● Data provided

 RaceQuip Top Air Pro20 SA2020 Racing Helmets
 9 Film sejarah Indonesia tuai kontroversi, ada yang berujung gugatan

...

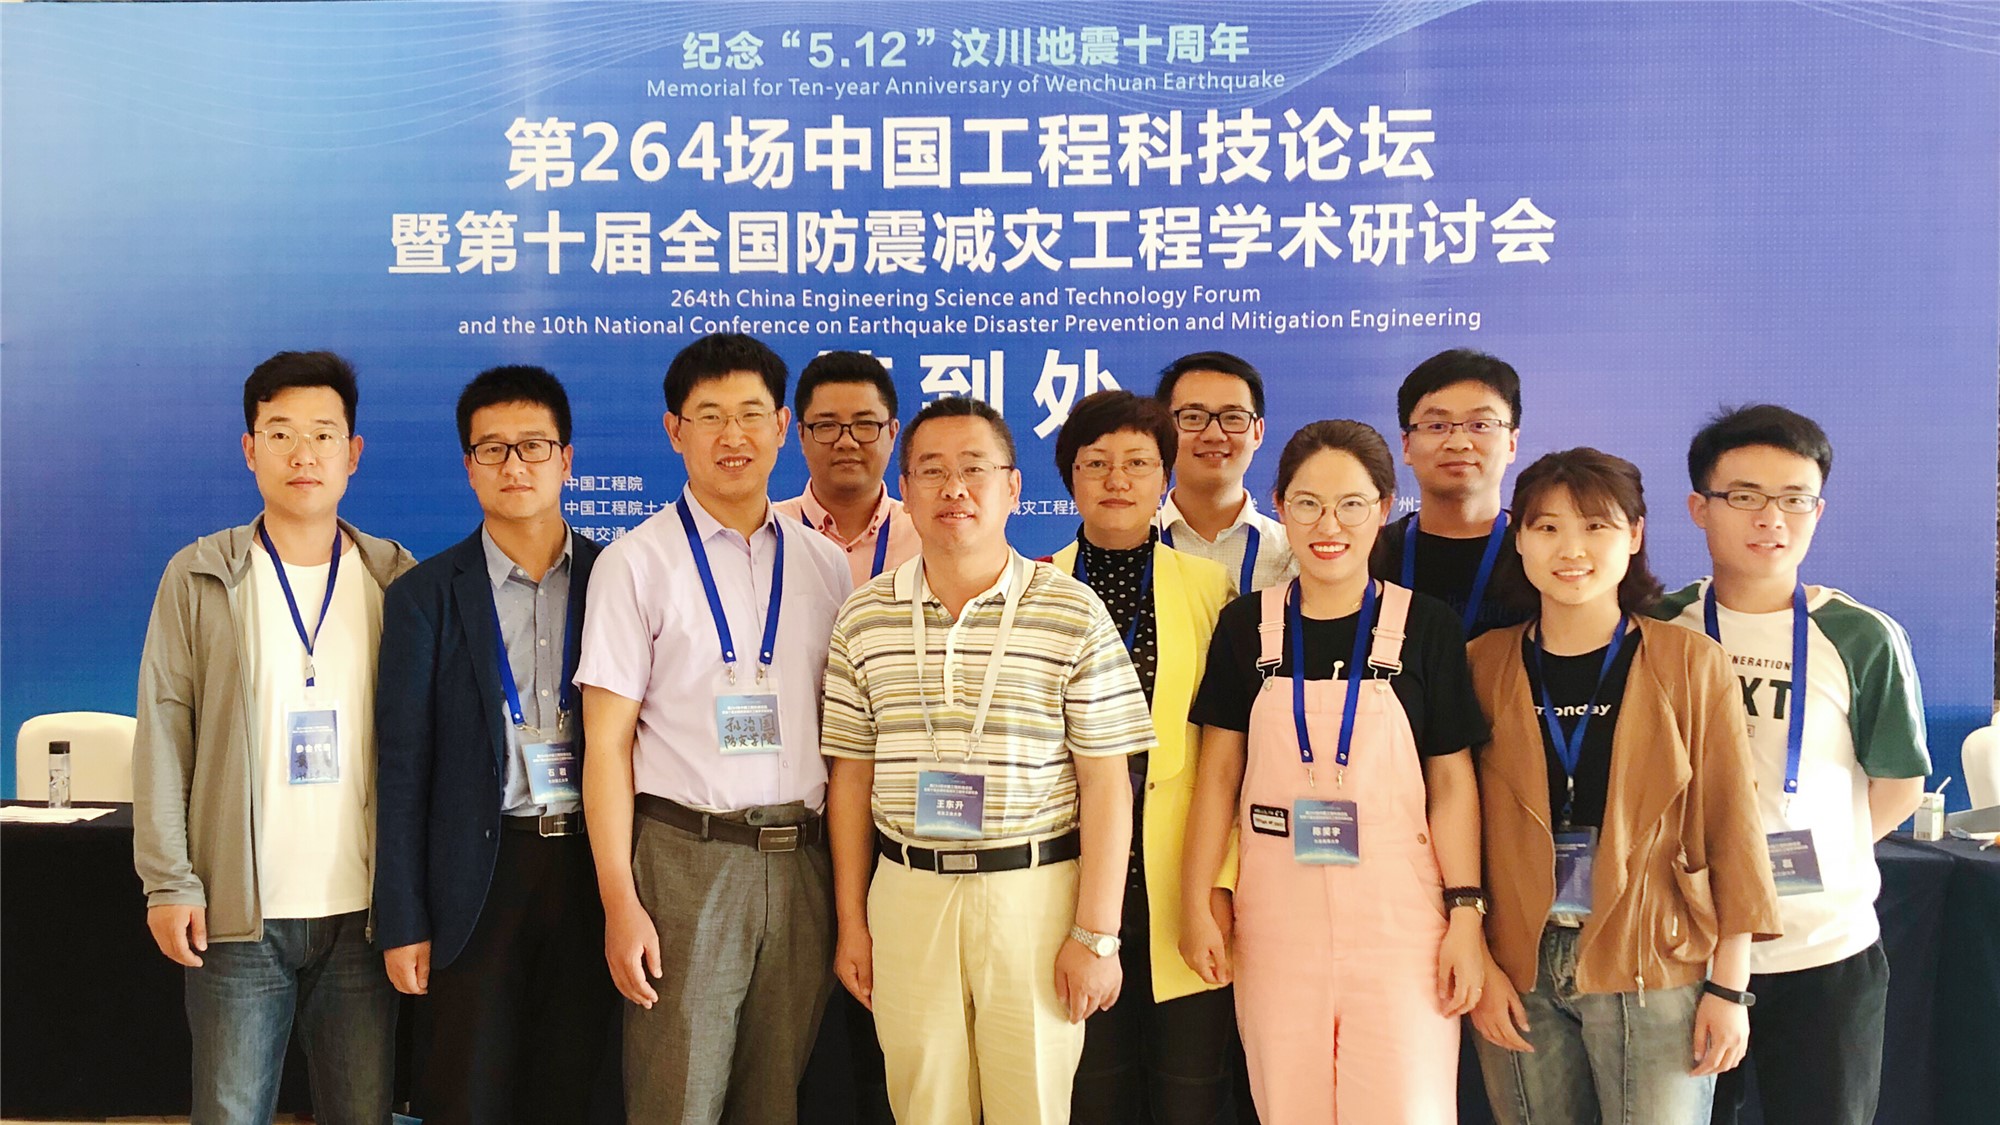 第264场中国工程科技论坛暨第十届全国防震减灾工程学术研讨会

● Work request
Output the material above exactly, but only from the line that carries "RaceQuip Top Air Pro20 SA2020 Racing Helmets" through the line that carries "9 Film sejarah".

● Answer
 RaceQuip Top Air Pro20 SA2020 Racing Helmets
 9 Film sejarah Indonesia tuai kontroversi, ada yang berujung gugatan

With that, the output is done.